First, the martial arts are a form of calisthenics.

The basic horse stance is a squat. It is a bit wide, but you bend the knees and lower the weight. Holding the weight at depth, and for time, will give you amazingly strong legs.

The front stance is a lunge. During the course of a class, doing the martial arts forms, you will do hundreds of lunges. Again, amazingly strong legs.

Closing your muscles fast in punch or kick is plyometric. Plyometric means rapid expansion and contraction of muscles, and it results in very lean, dense muscle. During a work out you might do, literally, thousands of punches and kicks.

Working with a partner is resistance training of the purest kind. Better than any isokinetic machine, the muscles adapt to change and exhaustion giving you the best work out possible.

Second, there are three types of muscles: red slow twitch, red fast twitch, and white fast twitch.

Slow twitch muscles are good for endurance activities. Long distance runners, cyclists, all have incredibly well developed slow twitch muscles.

Fast twitch muscles are the muscles of choice for boxers, karate practitioners, and other explosive strength types of activities.

Different fighting disciplines build different kinds of muscles.

Tai Chi Chuan builds slow twitch muscles. You are moving slowly through martial arts poses, this is a ‘suspended strength’ kind of weight lifting.

Karate builds fast twitch muscles. You are exploding into a punch or kick.

But both martial arts, all martial arts, are going to develop both kinds of muscles. It will just be in different amounts, or percentages.
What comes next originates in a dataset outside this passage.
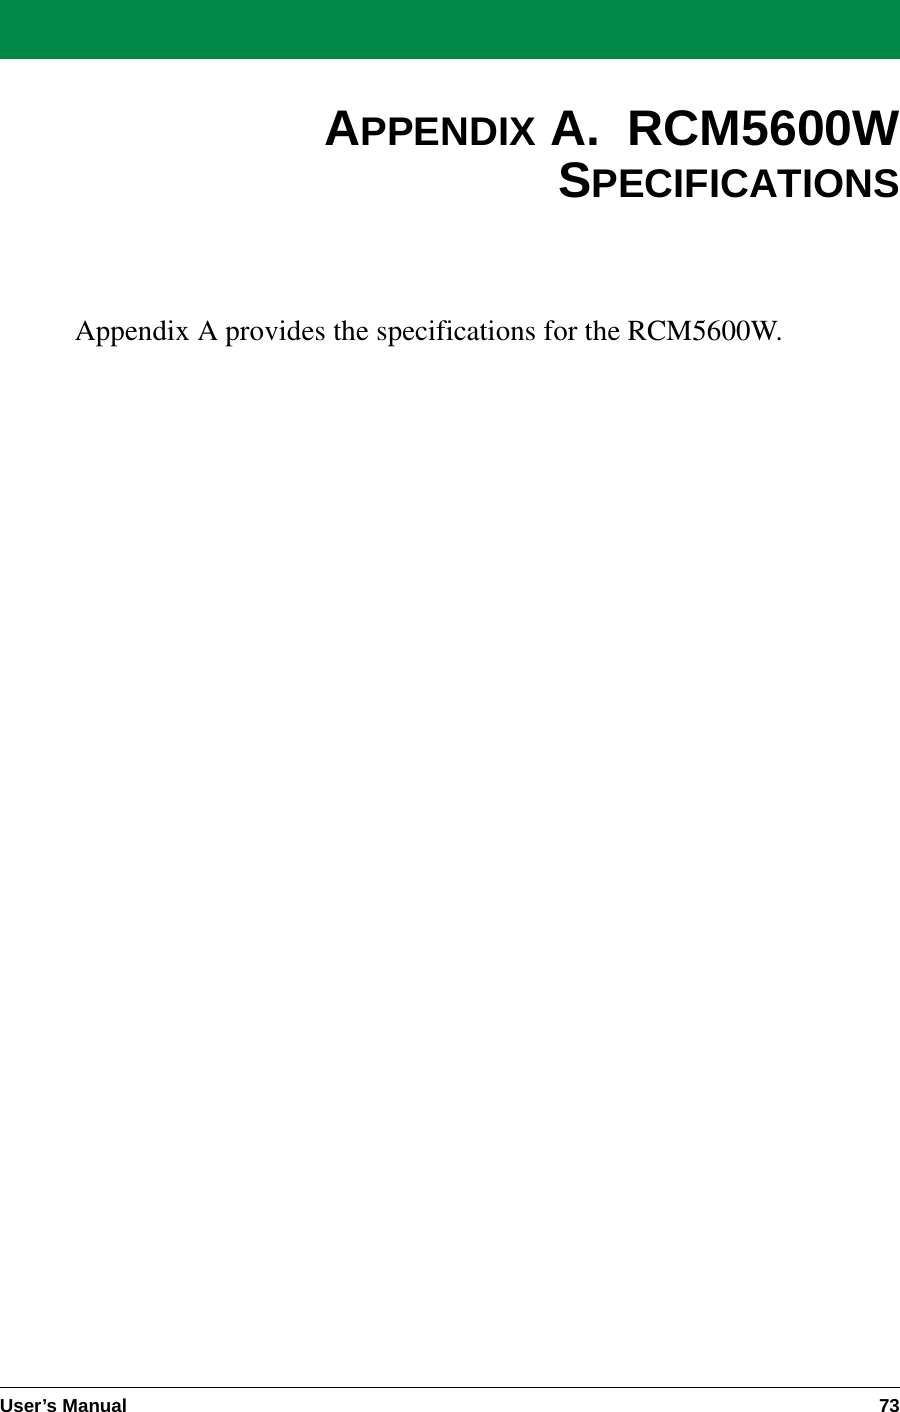 User’s Manual 73APPENDIX A.  RCM5600WSPECIFICATIONSAppendix A provides the specifications for the RCM5600W.

Third, the fact is that the martial arts build the best, most useful type of muscle in the world. Different arts give different types of muscle. But all the muscle developed is lean and dense. All the muscle is usable for anything from lifting furniture to spending long hours in a chair.

The fact is that muscles are the secret of motion, and of life. To the degree that you have motion, and here we include the concept of motion through good, strong muscles, to that degree you have life.

And to the degree that you don’t have motion… to that degree you don’t have life.